▶ [Task description]:
The expected answer is the data below, retyped exactly.

▶ [Listed records]:
/---

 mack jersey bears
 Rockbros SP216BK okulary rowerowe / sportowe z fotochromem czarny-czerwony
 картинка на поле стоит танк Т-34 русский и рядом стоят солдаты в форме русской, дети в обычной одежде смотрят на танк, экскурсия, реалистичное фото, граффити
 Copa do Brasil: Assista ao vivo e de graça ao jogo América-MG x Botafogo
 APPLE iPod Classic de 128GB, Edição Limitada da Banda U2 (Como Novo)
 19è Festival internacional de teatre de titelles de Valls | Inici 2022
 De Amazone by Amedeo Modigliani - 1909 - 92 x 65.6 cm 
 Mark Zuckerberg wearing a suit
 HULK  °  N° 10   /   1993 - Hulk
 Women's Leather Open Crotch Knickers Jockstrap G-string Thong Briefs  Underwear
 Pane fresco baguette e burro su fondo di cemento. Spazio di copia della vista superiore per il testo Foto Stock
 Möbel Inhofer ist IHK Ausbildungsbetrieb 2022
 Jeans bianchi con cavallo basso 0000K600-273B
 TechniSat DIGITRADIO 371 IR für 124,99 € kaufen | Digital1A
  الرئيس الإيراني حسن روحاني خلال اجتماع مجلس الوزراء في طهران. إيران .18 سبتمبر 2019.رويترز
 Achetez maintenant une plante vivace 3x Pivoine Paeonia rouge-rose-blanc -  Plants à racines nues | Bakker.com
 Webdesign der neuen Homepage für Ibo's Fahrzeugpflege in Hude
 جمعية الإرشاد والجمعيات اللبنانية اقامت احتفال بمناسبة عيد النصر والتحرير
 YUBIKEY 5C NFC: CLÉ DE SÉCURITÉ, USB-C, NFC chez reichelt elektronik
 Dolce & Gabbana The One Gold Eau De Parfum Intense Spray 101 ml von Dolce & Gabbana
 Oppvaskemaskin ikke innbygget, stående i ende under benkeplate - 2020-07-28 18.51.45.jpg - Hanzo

\---

▶ [Solution to this task]:
 mack jersey bears
 Rockbros SP216BK okulary rowerowe / sportowe z fotochromem czarny-czerwony
 картинка на поле стоит танк Т-34 русский и рядом стоят солдаты в форме русской, дети в обычной одежде смотрят на танк, экскурсия, реалистичное фото, граффити
 Copa do Brasil: Assista ao vivo e de graça ao jogo América-MG x Botafogo
 APPLE iPod Classic de 128GB, Edição Limitada da Banda U2 (Como Novo)
 19è Festival internacional de teatre de titelles de Valls | Inici 2022
 De Amazone by Amedeo Modigliani - 1909 - 92 x 65.6 cm 
 Mark Zuckerberg wearing a suit
 HULK  °  N° 10   /   1993 - Hulk
 Women's Leather Open Crotch Knickers Jockstrap G-string Thong Briefs  Underwear
 Pane fresco baguette e burro su fondo di cemento. Spazio di copia della vista superiore per il testo Foto Stock
 Möbel Inhofer ist IHK Ausbildungsbetrieb 2022
 Jeans bianchi con cavallo basso 0000K600-273B
 TechniSat DIGITRADIO 371 IR für 124,99 € kaufen | Digital1A
  الرئيس الإيراني حسن روحاني خلال اجتماع مجلس الوزراء في طهران. إيران .18 سبتمبر 2019.رويترز
 Achetez maintenant une plante vivace 3x Pivoine Paeonia rouge-rose-blanc -  Plants à racines nues | Bakker.com
 Webdesign der neuen Homepage für Ibo's Fahrzeugpflege in Hude
 جمعية الإرشاد والجمعيات اللبنانية اقامت احتفال بمناسبة عيد النصر والتحرير
 YUBIKEY 5C NFC: CLÉ DE SÉCURITÉ, USB-C, NFC chez reichelt elektronik
 Dolce & Gabbana The One Gold Eau De Parfum Intense Spray 101 ml von Dolce & Gabbana
 Oppvaskemaskin ikke innbygget, stående i ende under benkeplate - 2020-07-28 18.51.45.jpg - Hanzo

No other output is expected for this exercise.